Cluster-wide ClusterSecretStore for tenantsA single CSS would let any namespace’s ESO request read any Vault path. We want a hard cross-tenant boundary, so tenants get a namespace-scoped SecretStore with a role that refuses to issue tokens for namespaces outside apps-<division>-*.
Vault Kubernetes auth with one shared roleOne leaked token would read every division. Per-division role + per-division policy keeps blast radius bounded.

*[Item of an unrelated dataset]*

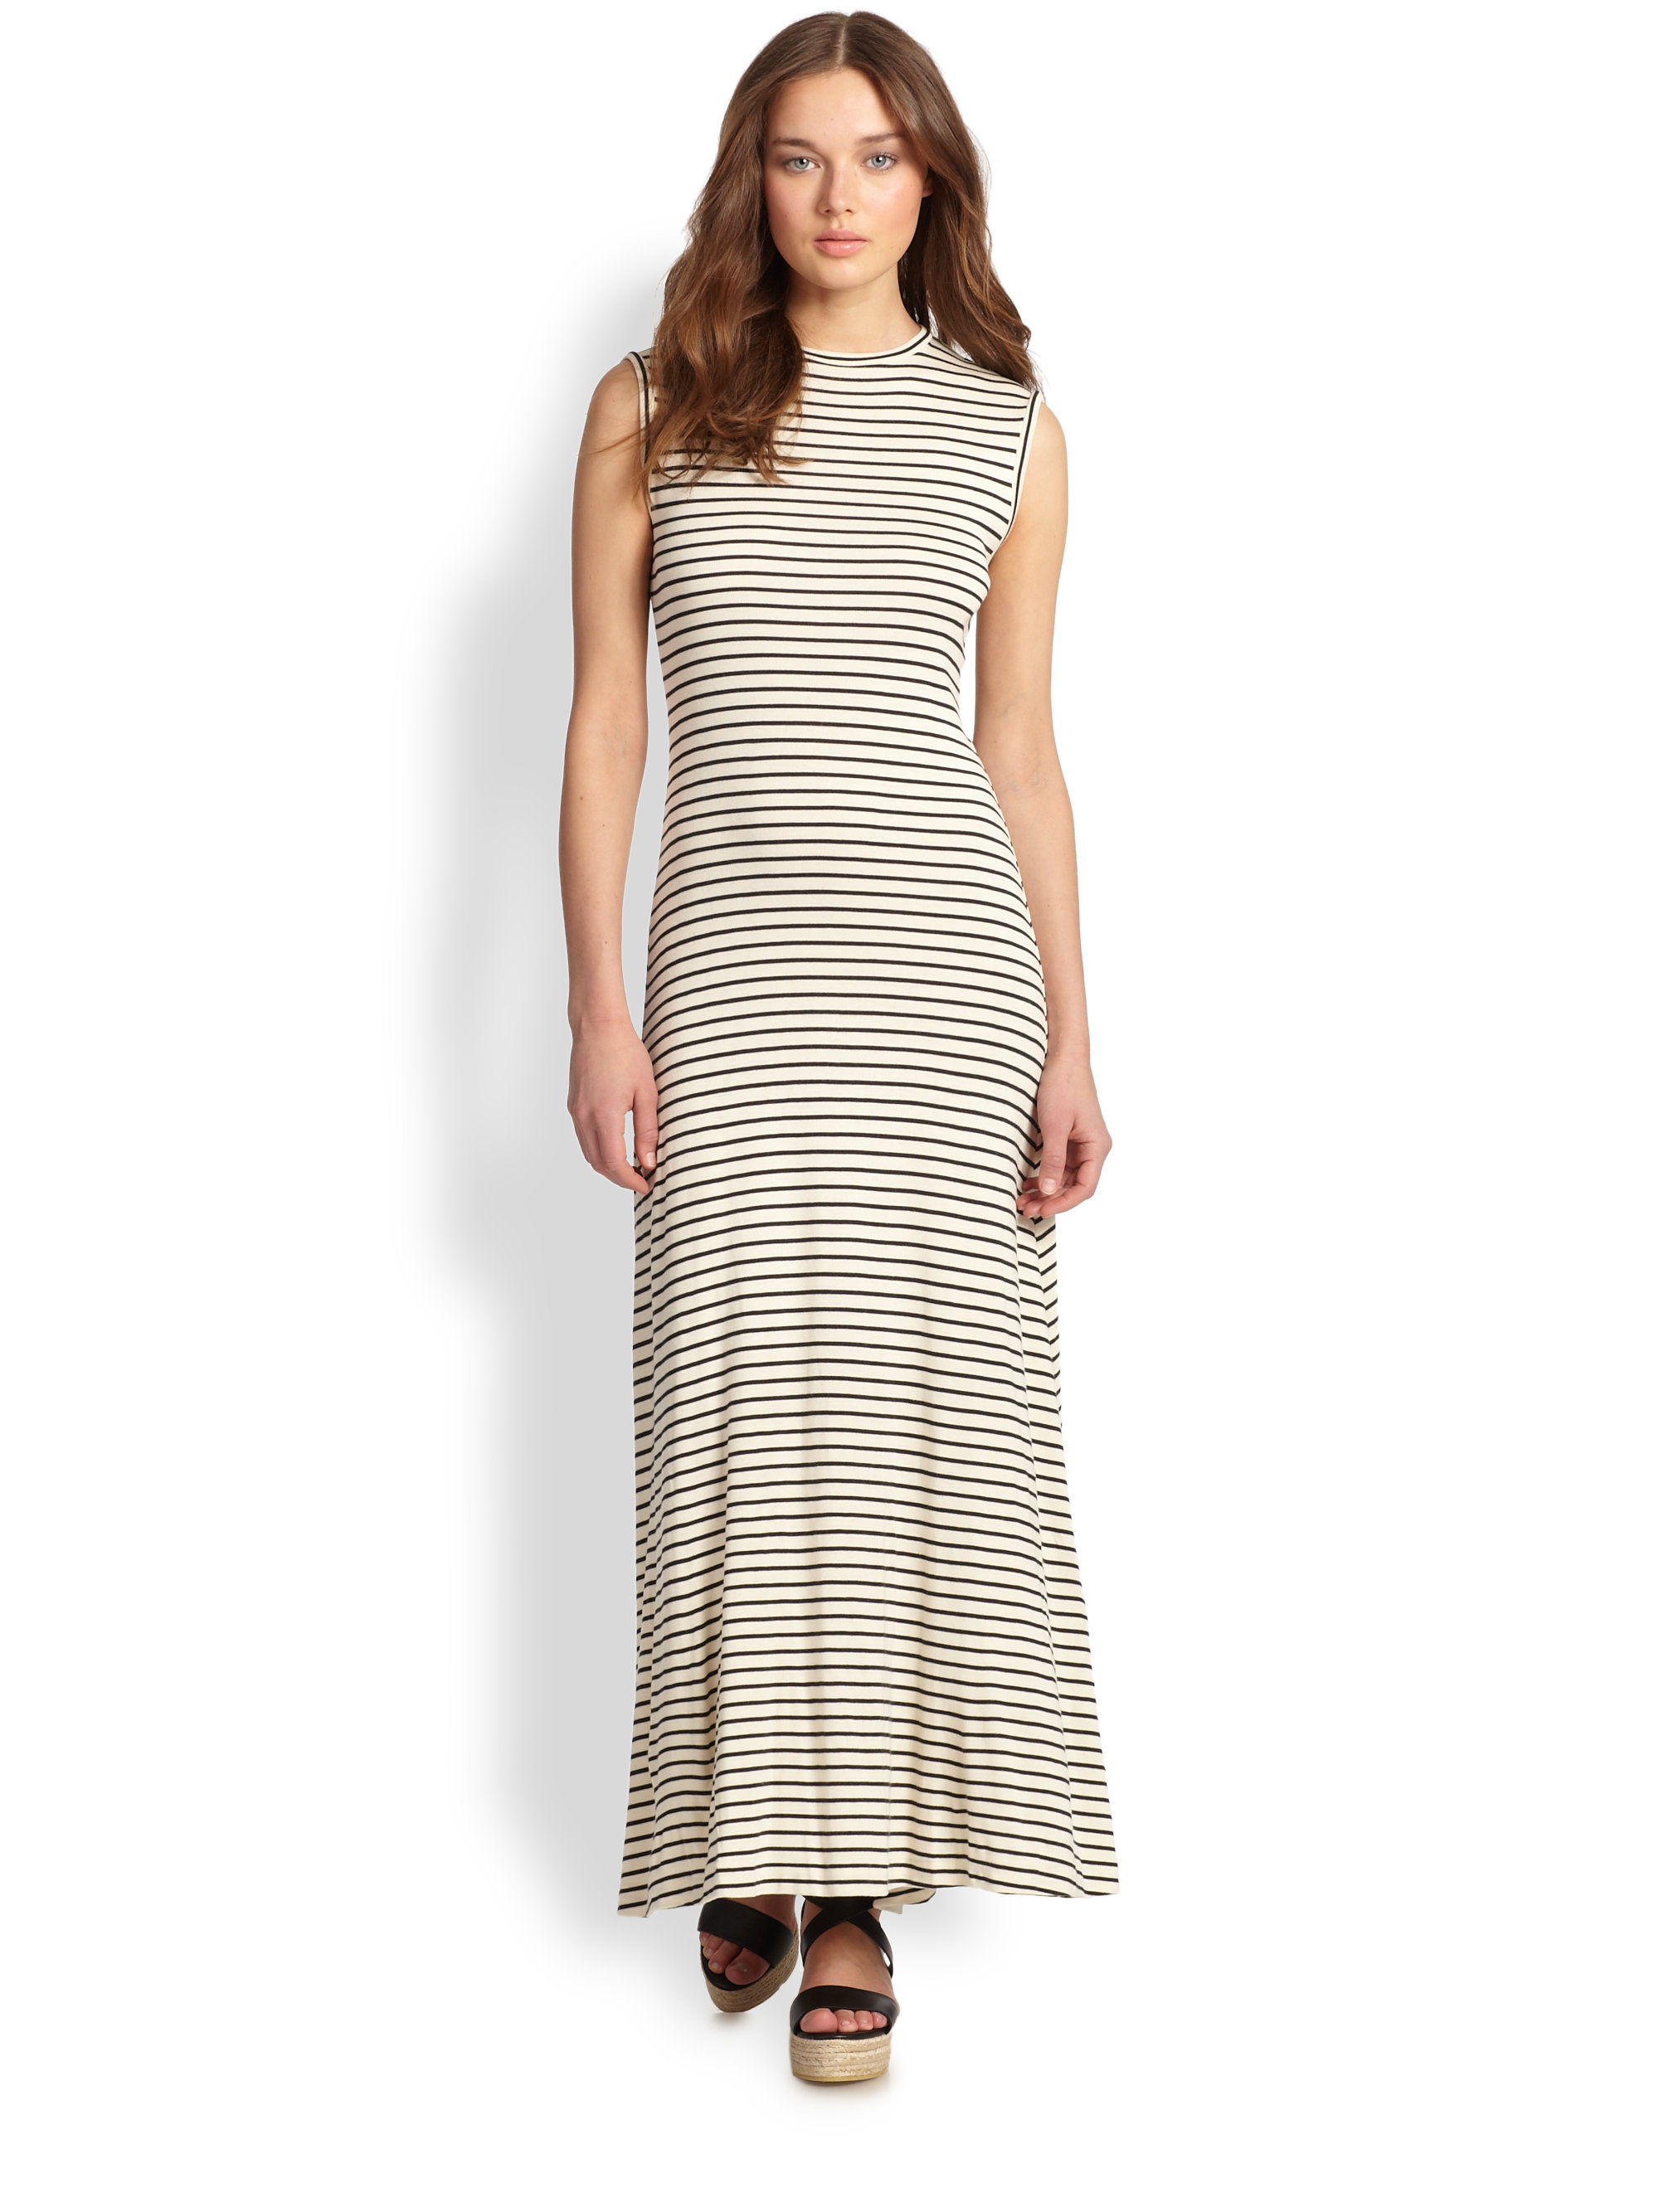 Lyst Polo Ralph Lauren Striped Maxi Dress in Natural
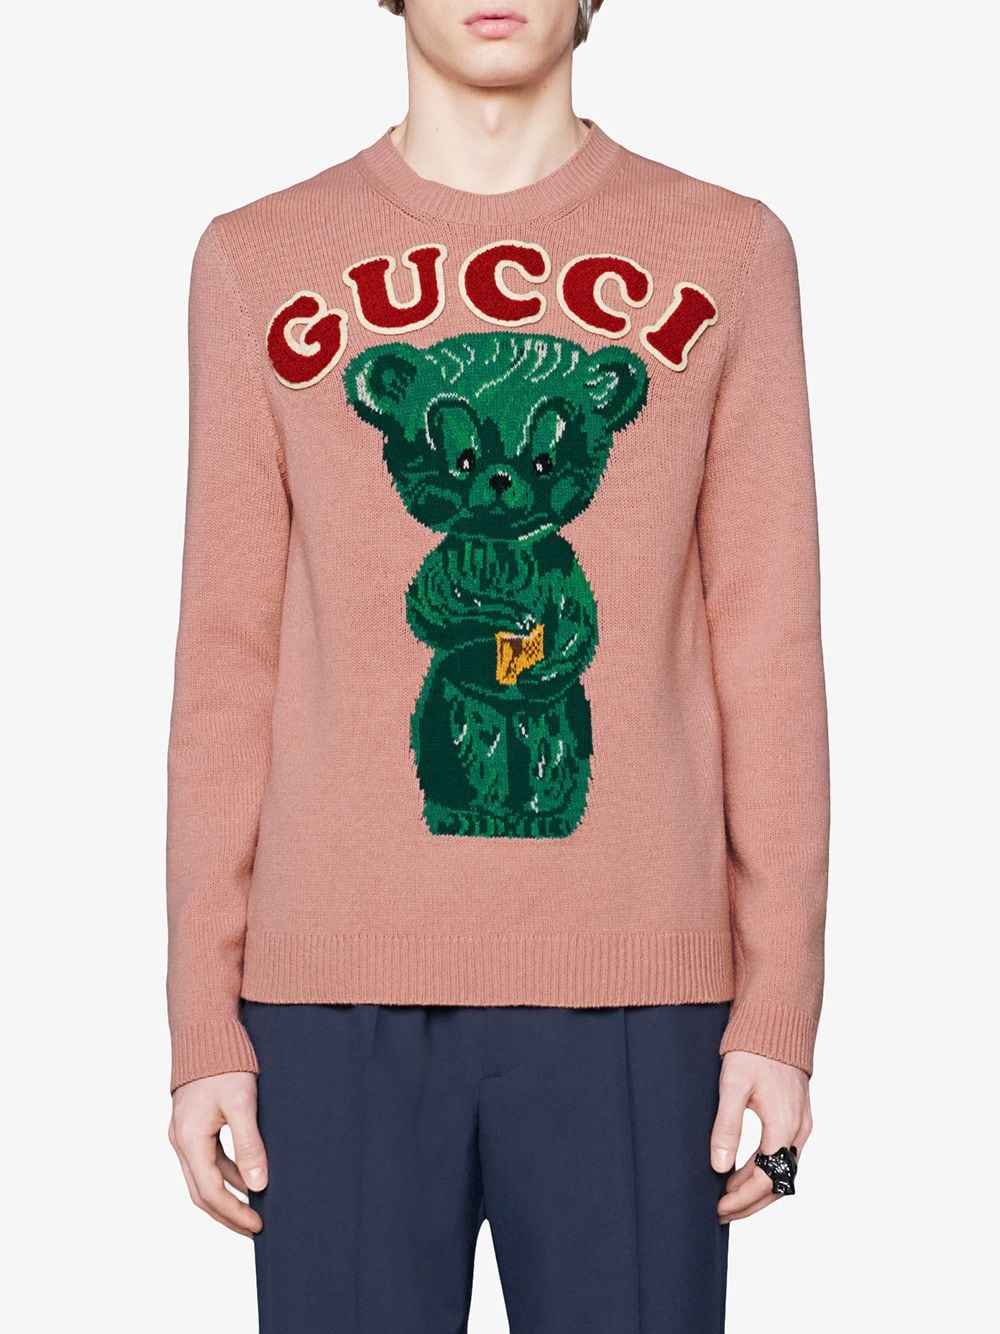 Gucci, Shirts & Tops, Gucci Teddy Bear Sweater

ADR 0014 (developer-readiness contract) requires “approved pull-secret delivery”; ADR 0019 requires that image-pull credentials come from a controlled source rather than being committed; ADR 0025 forbids oc apply mutations of secrets in the live cluster. The Vault + ESO + per-tenant SecretStore composition satisfies all three.

Inventory at a glance

ConceptIdentifierWhere it lives
Vault auth methodauth/kubernetes-<cluster>Vault VM
Platform Vault policyocp-<cluster>-esoVault VM
Platform Vault roleocp-<cluster>-esoauth/kubernetes-<cluster>/role/...
Tenant Vault policyapps-<division>-readVault VM (cluster-agnostic)
Tenant Vault roleapps-<cluster>-<division>auth/kubernetes-<cluster>/role/...
ESO operator namespaceopenshift-external-secrets-operatorOperatorHub install
ESO operand namespaceexternal-secretscreated by ESO operator
Platform ClusterSecretStorevault-platformper cluster, in clusters/<cluster>/secrets/eso/
Tenant SecretStorevault-apps (in each tenant ns)per tenant overlay, from tenants/_template/secretstore-vault-apps.yaml
Vault path tree (platform)secret/ocp/<cluster>/..., secret/ocp/platform/...KV-v2
Vault path tree (tenant)secret/apps/<division>/<app>/<env>/<key>KV-v2

What lives in each Vault subtree

SubtreeOwnerExample contents
secret/ocp/<cluster>/...platform admincluster-specific bootstrap secrets, ESO smoke-test data, ODF route credentials
secret/ocp/platform/rhacs-init-bundleplatform adminRHACS sensor init-bundle materials (delivered via §11)
secret/ocp/<cluster>/registries/app-registry-pullplatform admincluster-wide app-registry dockerconfigjson (see §6)
secret/ocp/<cluster>/quay/config-bundleplatform adminQuay registry operand config bundle (consumed via OBC bridge sibling pattern)
secret/apps/<division>/<app>/<env>/<key>tenant team (write) / platform (audit)app credentials, DB passwords, OIDC client secrets
secret/apps/<division>/<app>/ci/quay-robotplatform admin (creates) / tenant (consumes)Tekton Path B push-robot dockerconfigjson

Cross-references

  • 02-eso-operator-and-policies.mdx — install path, the operator/operand split, default-deny NetworkPolicy gotcha.
  • 03-vault-clustersecretstore.mdx — the vault-platform shape, CA bundle, auth wiring.
  • 04-tenant-secretstore-pattern.mdx — per-tenant vault-apps + role/policy/namespace-glob.
  • 05-externalsecret-and-templates.mdx — request shapes, templating, refresh interval choices.
  • 06-obc-to-operand-bridge.mdx — the kubernetes-provider Loki/Tempo/Quay bridge.
  • 07-rotation-and-revocation.mdx — Vault-side rotation, ESO refresh semantics, revocation playbook.

References

  • connection-details/vault-app-secrets.md — tenant path convention (DEV-OCP-0.4 / #174).
  • connection-details/app-registry-pullsecret.mdClusterExternalSecret-fanned pull credential (DEV-OCP-0.2 / #172).
  • ADRs: 0014 (developer readiness), 0019 (Nexus-only supply chain), 0025 (GitOps-only operations).